Three WWF officials kidnapped in India 'released'

By Subir Bhaumik
BBC News, Kokrajhar, Assam

  • Published

Indian police say that three female wildlife officials who were abducted in the north-eastern state of Assam have been released.

But they say that a ransom demand of 20m rupees ($442,184) has been made for three male officials who were kidnapped with them.

Gunmen seized the officials from the WWF, the global environment campaign, in Manas national park on Sunday.

A search was conducted by security forces, who initially could not say which militant group was responsible.

But now a newly-formed Bodo militant group, called Oornai, says it carried out the kidnappings.

The six were working on a WWF-India survey on the tiger population in the national park.

A WWF-India official said that all were from India's north-eastern states.

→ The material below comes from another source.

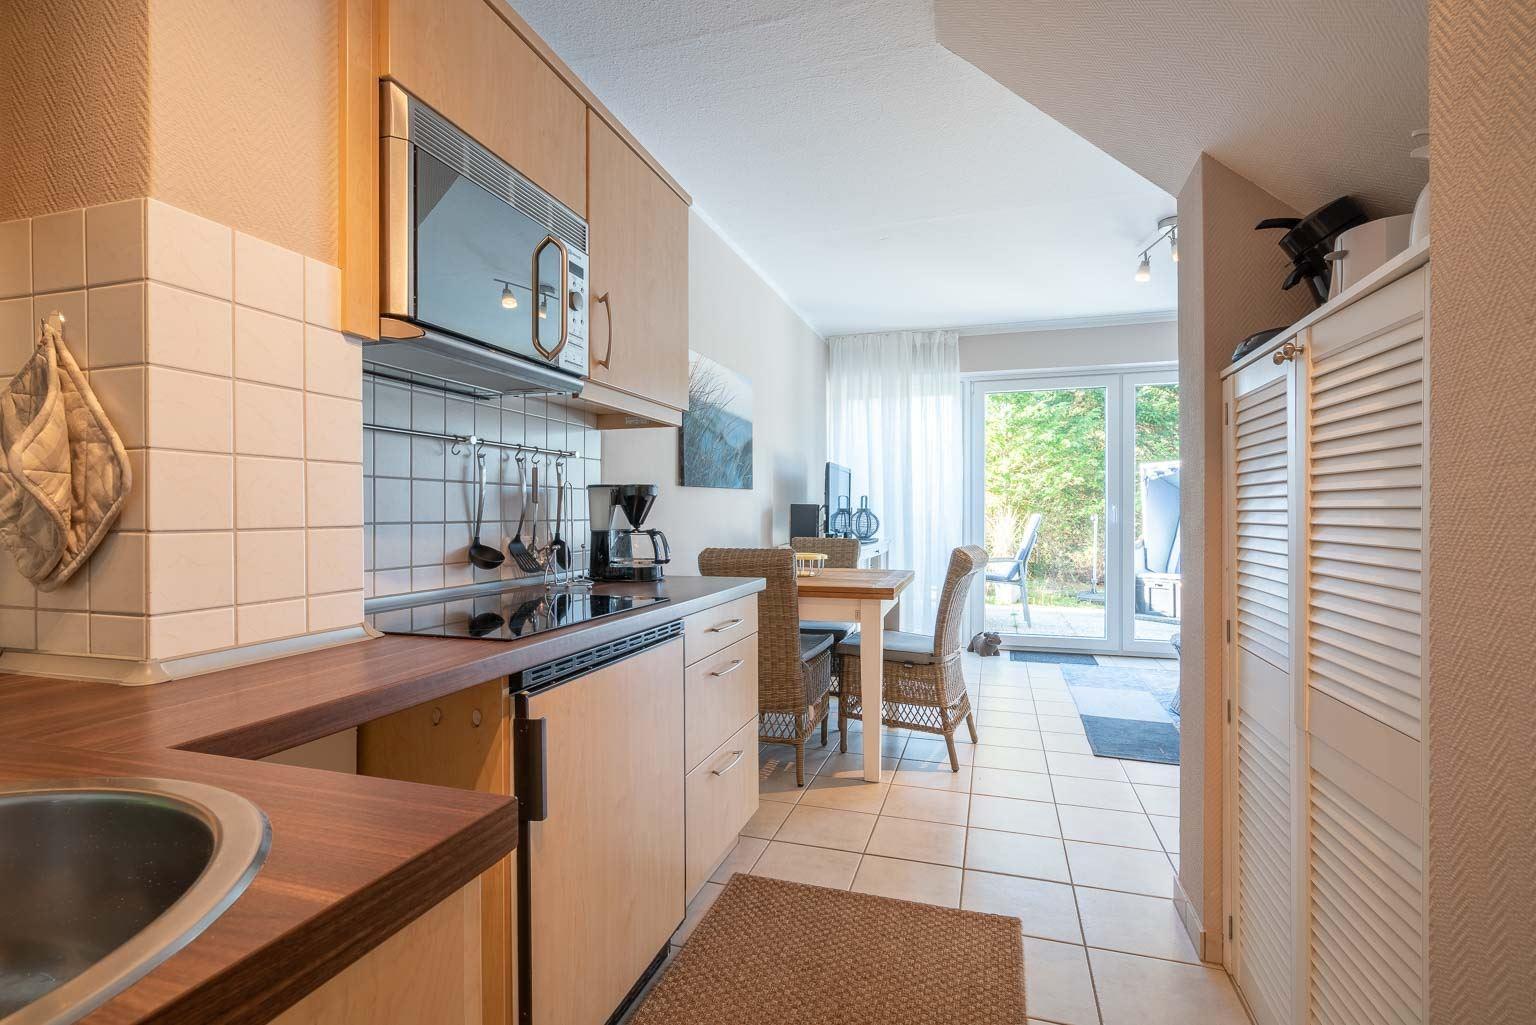 "Küche - St Peter Ording Dorf, Ferienhaus Groener Weg 9, Wohnung 1 ""Duenensonne EG"""

They were working in collaboration with a local NGO. Two members of the NGO were abducted, too, but were later released.

The Ultapani range, where the abductions took place, lies in the western part of the Manas Tiger Reserve close to the densely forested, mountainous border with Bhutan.

Bhutanese authorities were asked to help trace the kidnapped officials, an Assam government official said.

The abductions - carried out by a group of masked militants - came within a few hours of a decision by Bodo tribal groups to renew their campaign for a separate state.

Manas is home to 22 of India's 41 endangered wildlife species, including rare wild pigs, birds and one-horned rhinos.

There are an estimated 70 tigers in the park.